11. After Work
Chapels and Sunday Schools
In the late 19th Century every Chapel and Sunday School had its library, Mutual Improvement Society, Debating Society, lectures and Musical Events. All social events and outings centred around the Sunday School.
In the early 20th Century the Chapel and Sunday School still held the loyalty of their members, but improved transport (waggonettes and charabancs) and improved financial circumstances, gave opportunities to travel out of town and take part in Male Voice Choir Competitions, Brass Band Contests and Musical Festivals.
The years between the wars saw a decline in chapel attendance. People were widening their interests. Skating Rinks, cinemas, the Variety Theatre were new interests. Men had time to join societies and clubs, Floral, Pigeon, Bowling clubs, usually meeting in the local pub. There they could socialise, deal with club business and arrange their annual dinner or annual club outing.
Older women usually maintained links with the Sunday School and organised Fetes and Bazaars of 1 to 3 days duration, whilst the young girls would visit the cinema and walk up and down the "Monkey Run" in search of romance.

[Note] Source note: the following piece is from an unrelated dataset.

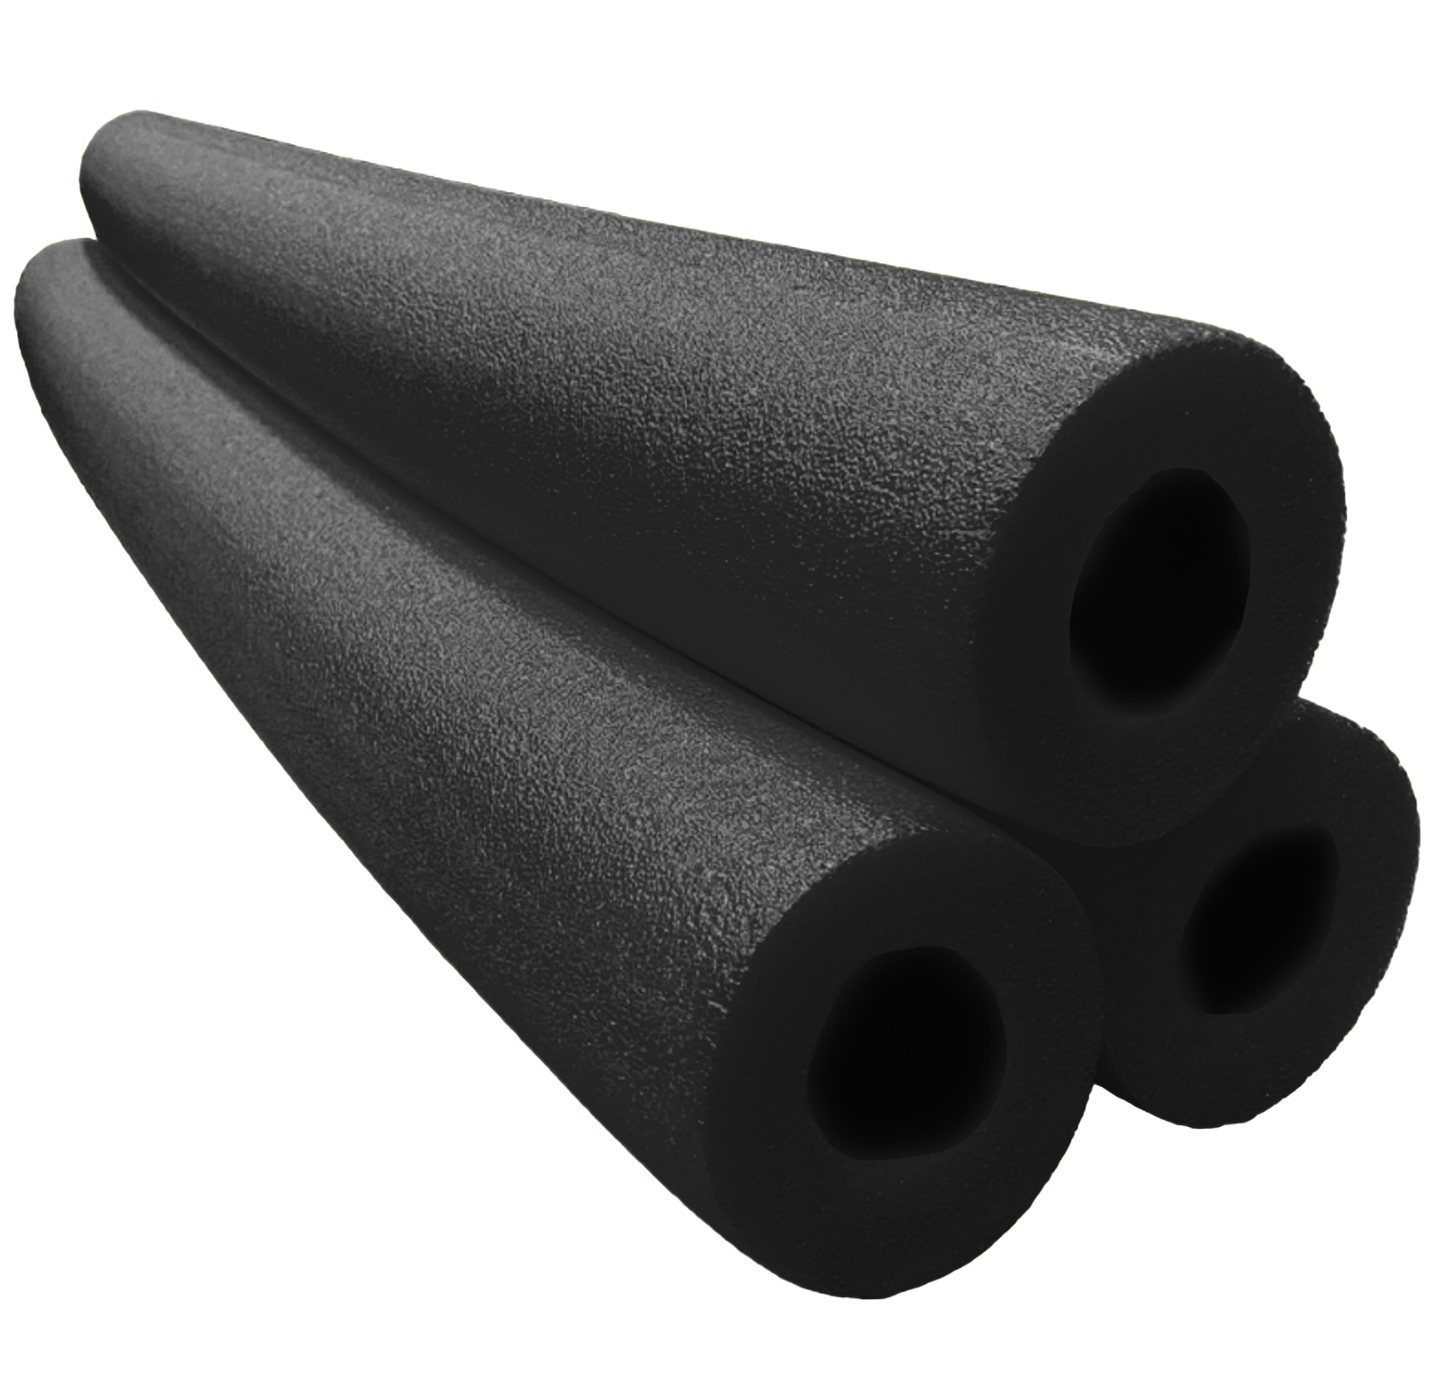 OodleMaxx Giant Pool Noodle Black- 1, 3, 12 Count Packs

Many workers used their free time to follow sport, especially football. Thousands supported local teams. For many years these teams were amongst the country's leading clubs.
Cricket was also well established and Todmorden had clubs who played in the local Saturday league. Each club was allowed to employ one professional player, of whom probably the most famous was Learie Constantine who played for Nelson from 1929 - 37.